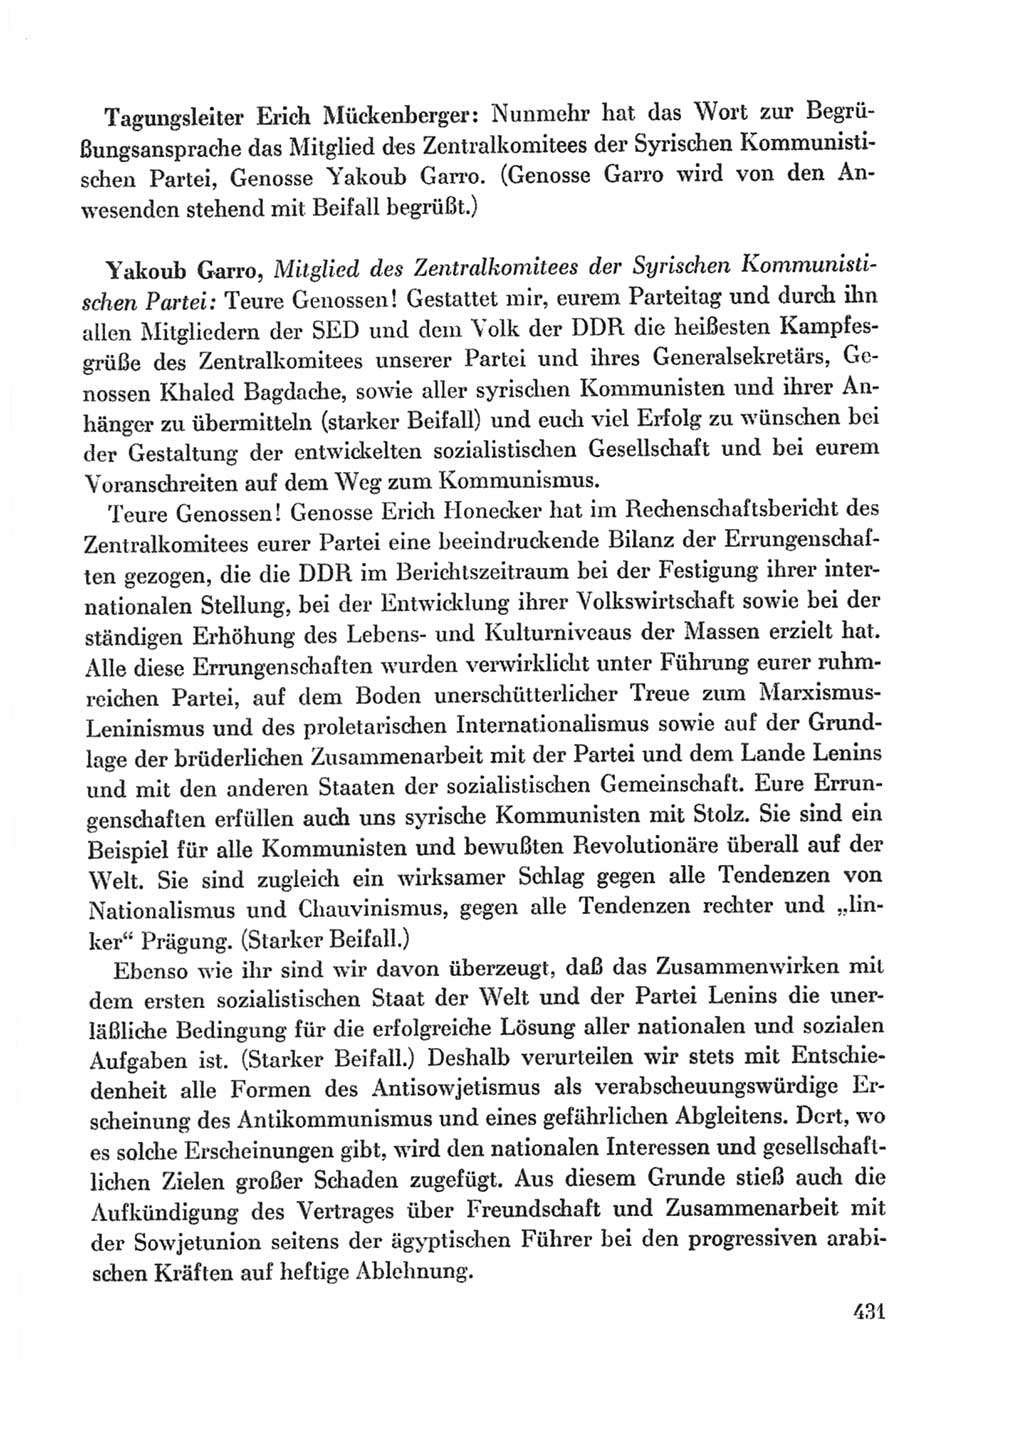 Protokoll der Verhandlungen des Ⅸ. Parteitages der Sozialistischen Einheitspartei Deutschlands (SED) [Deutsche Demokratische Republik (DDR)] 1976, Band 1, Seite 431 (Prot. Verh. Ⅸ. PT SED DDR 1976, Bd. 1, S. 431)
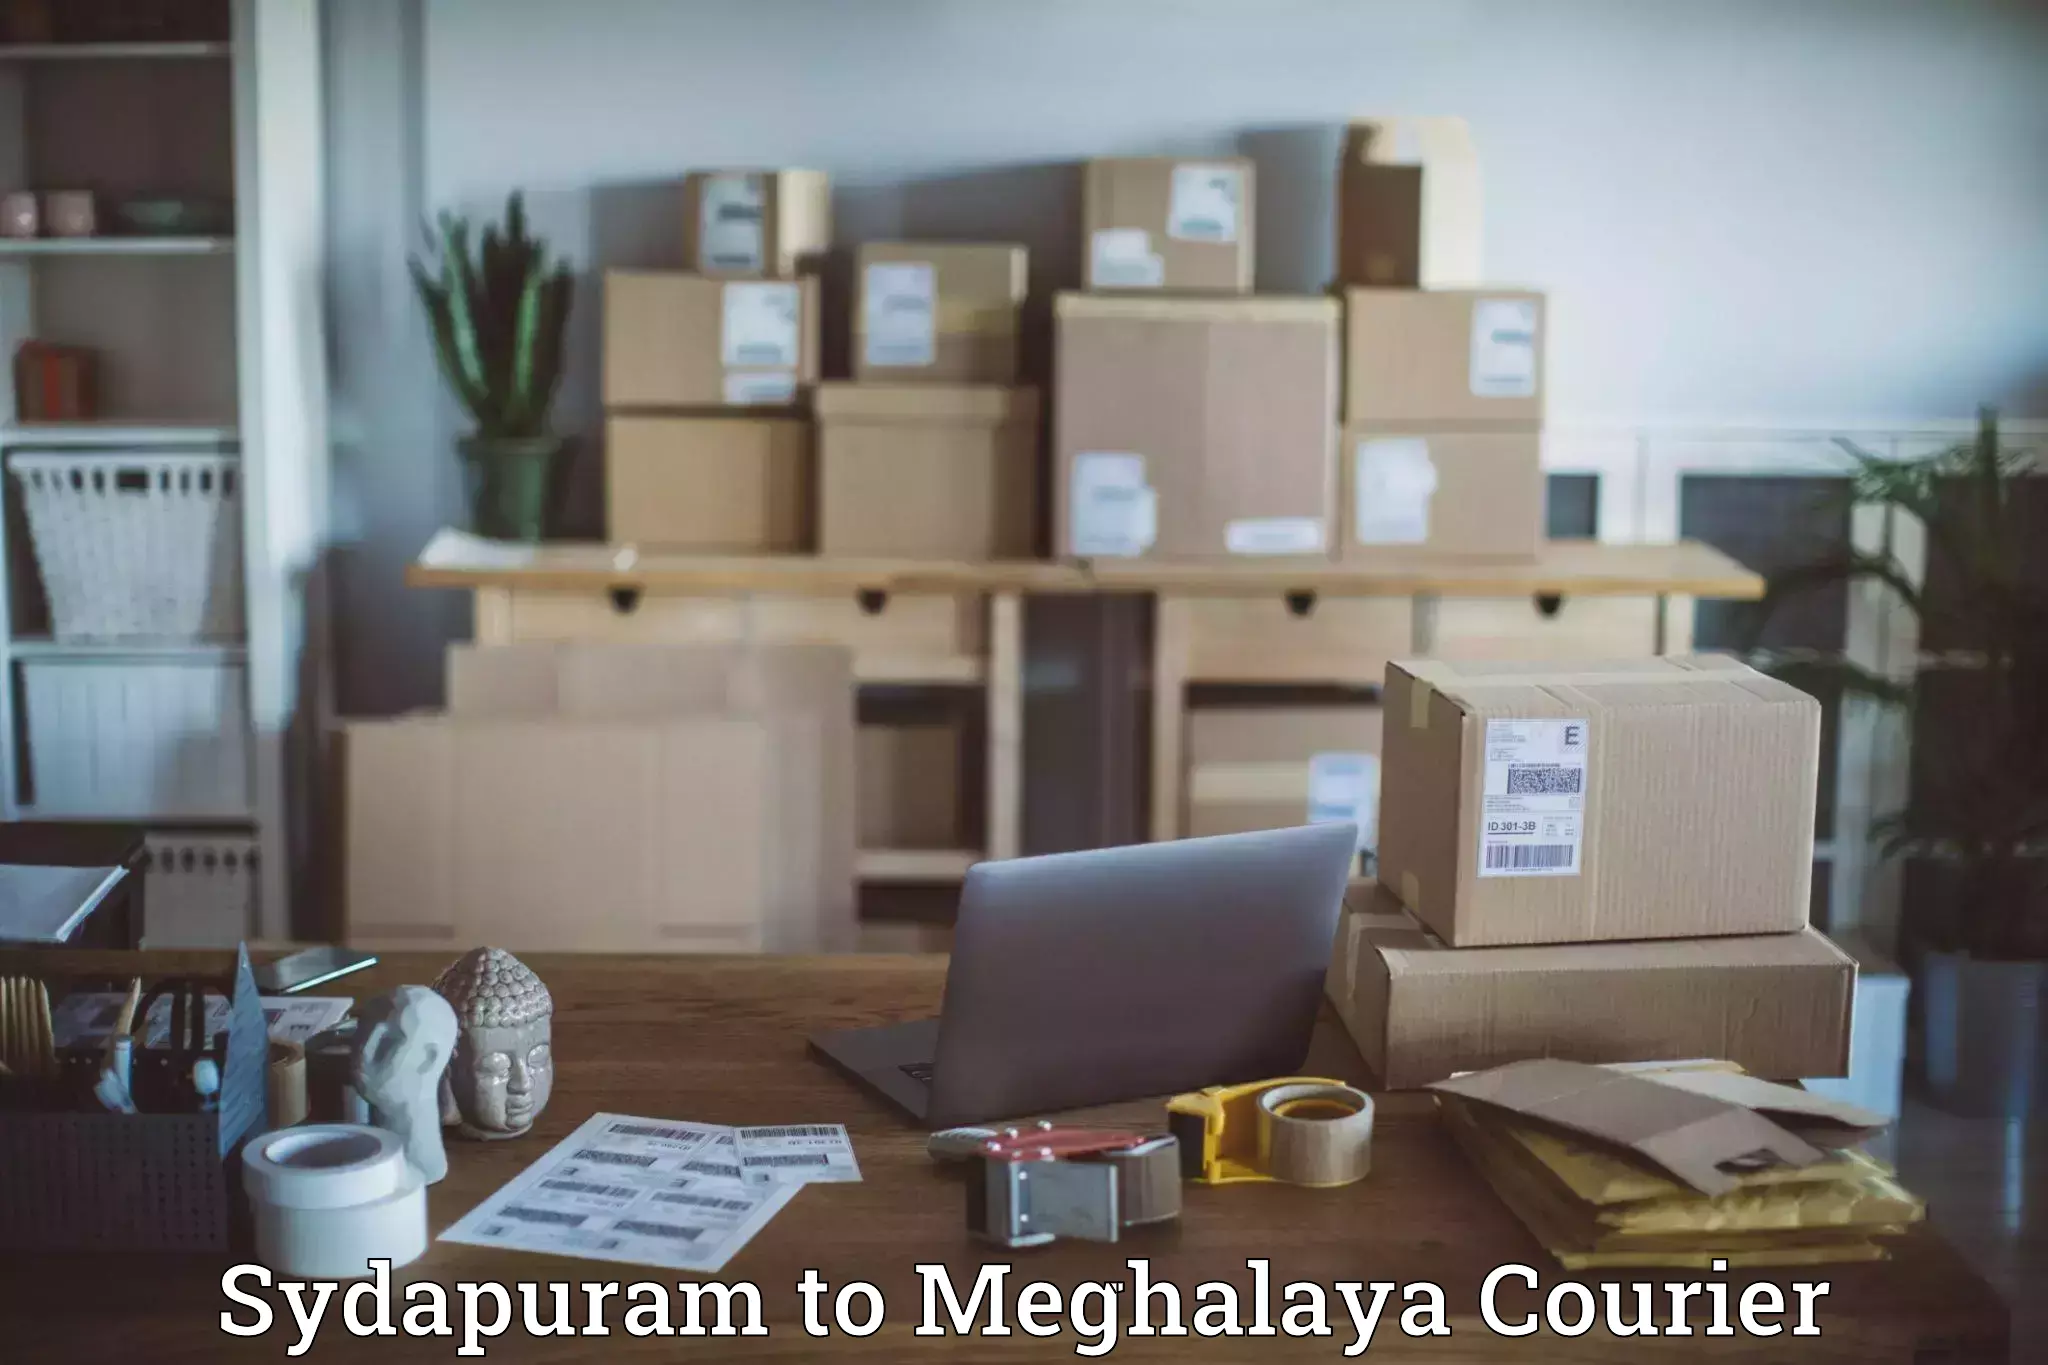 Premium courier services Sydapuram to Phulbari
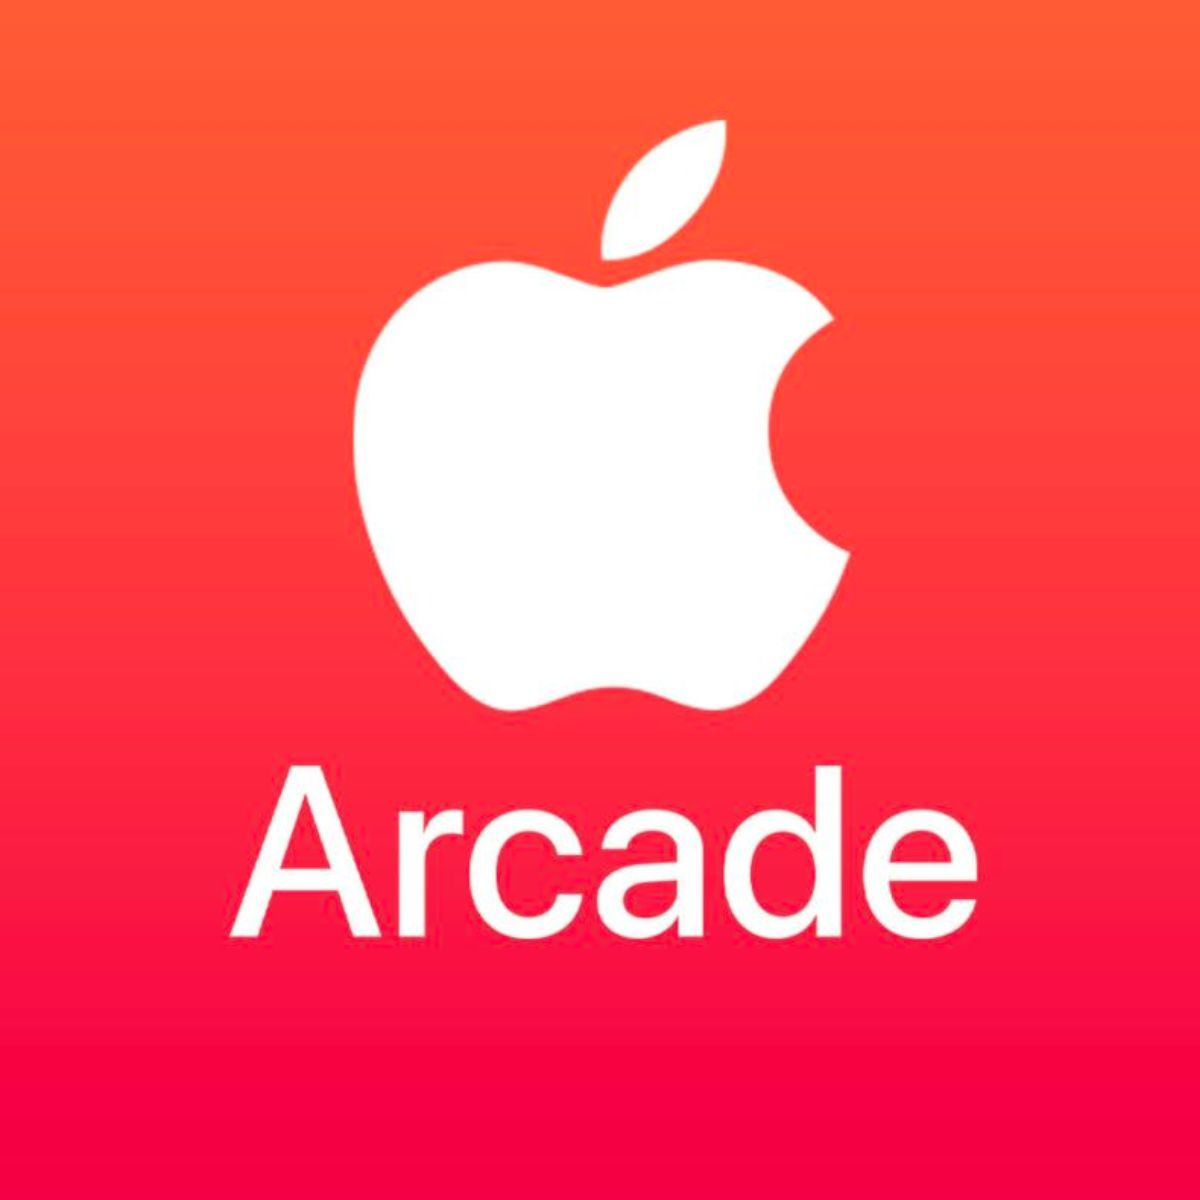 Подписка apple arcade в россии
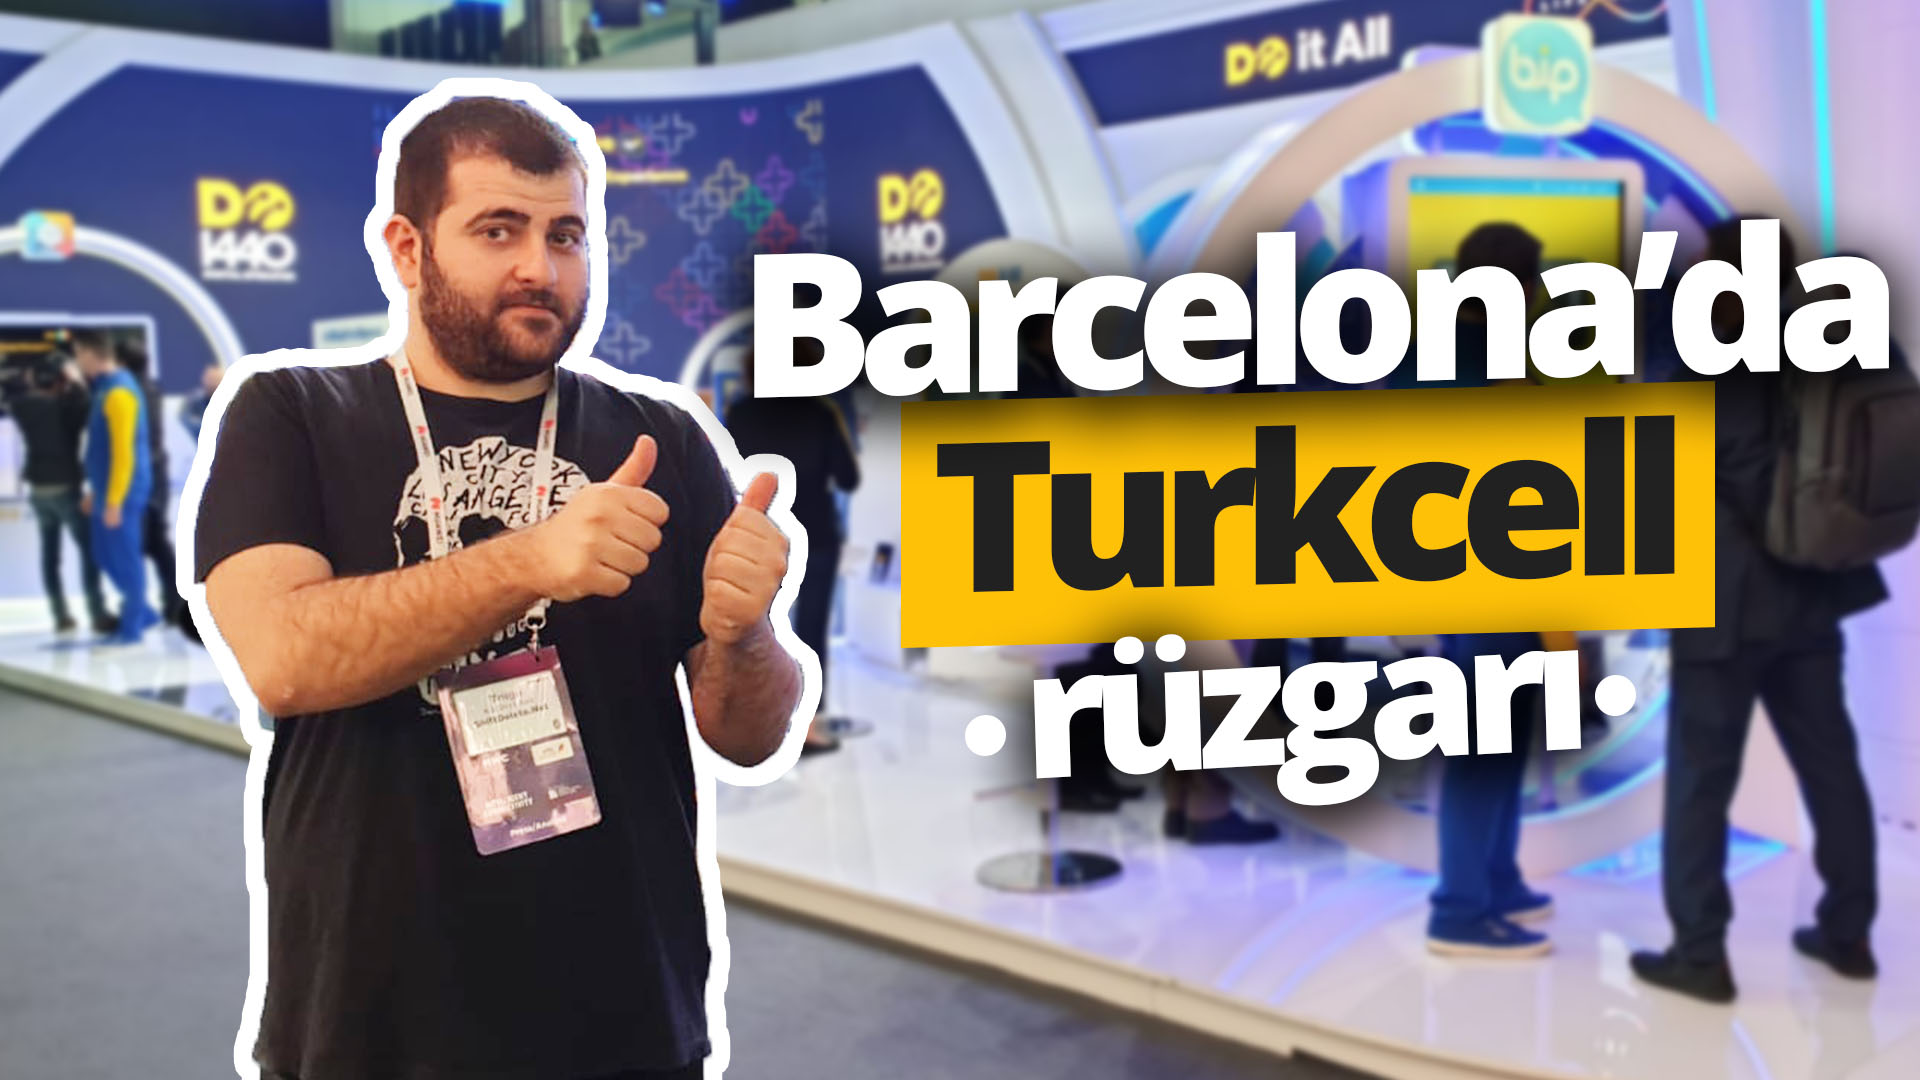 Turkcell’in Barcelona’daki ödüllü standını gezdik! vLog

--------------------------------------------------

--- Problem statement ---
Leave every picture out and copy precisely the lines from the one containing "Premium courier services" through the last line of the data above, both ends included.

--- Written reply ---
 Premium courier services Sydapuram to Phulbari
 Подписка apple arcade в россии
 Turkcell’in Barcelona’daki ödüllü standını gezdik! vLog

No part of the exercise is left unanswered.